Inside the tests folder of the oc_ocdm repository (prepared in advance during last week), I created a test module for each oc_ocdm’s class. Some tests may still be missing, but I hope to finish them as soon as possible.

Since many of the methods from oc_ocdm’s classes are very similar to each other, the vast majority of the respective tests turned out to be similar. Here is an example of the most common type of test:

    def test_has_id(self):
        result = self.entity.has_id(self.identifier)
        self.assertIsNone(result)

        triple = URIRef(str(self.entity)), GraphEntity.has_identifier, URIRef(str(self.identifier))
        self.assertIn(triple, self.entity.g)

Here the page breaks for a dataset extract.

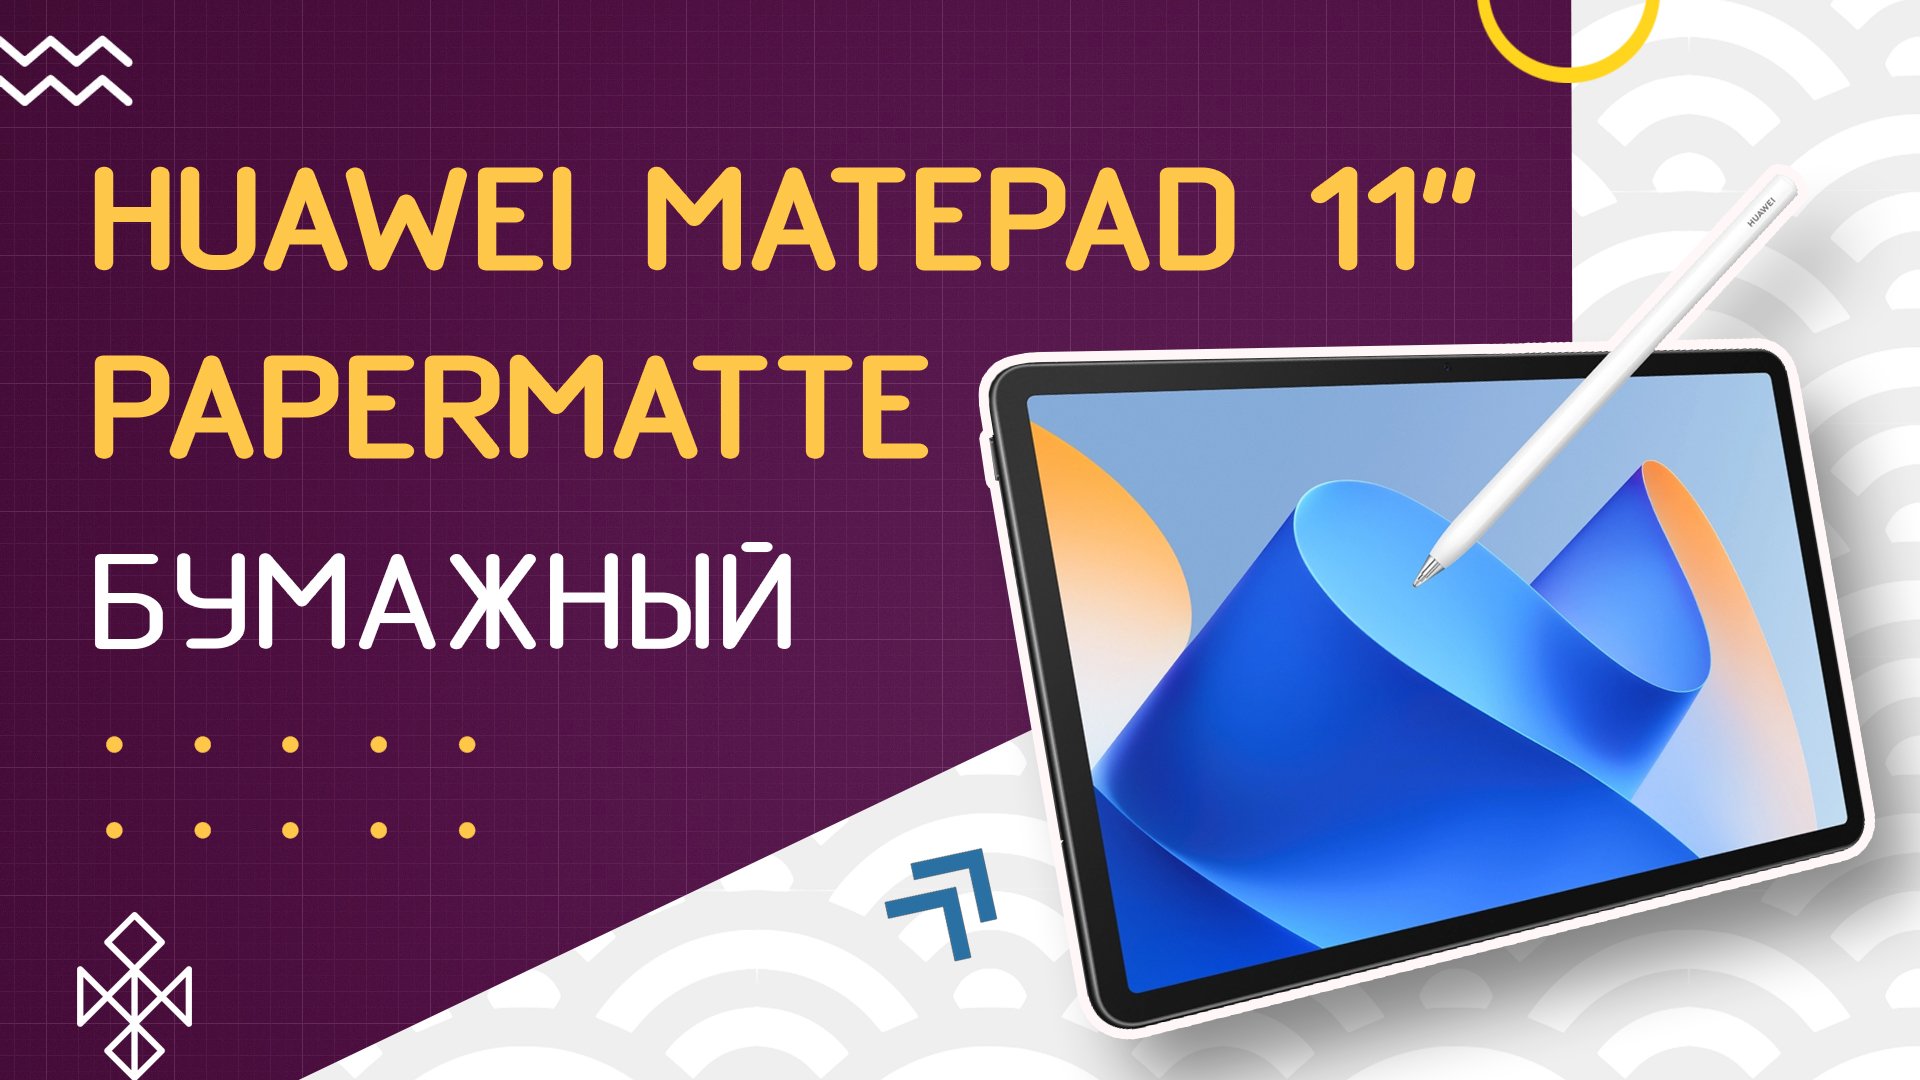 HUAWEI MatePad 11” PaperMatte : обзор "БУМАЖНОГО" планшета

Documentation and README.md

During the week, I found very little time to be dedicated to documentation writing. Hence, I had only the possibility of writing class docstrings using the definitions provided by the OCDM. Docstrings for the methods are still missing.

I wrote a README.md file with information about how to manage the Poetry package and how to run tests locally.

DatasetHandler code refactoring

I started the DatasetHandler code refactoring, creating two separate classes: Dataset inside dataset.py and Distribution inside distribution.py. I added to both classes the methods from datasethandler.py that respectively belong to each of them and I added Type Hints for each method. Additional work may be needed in the near future.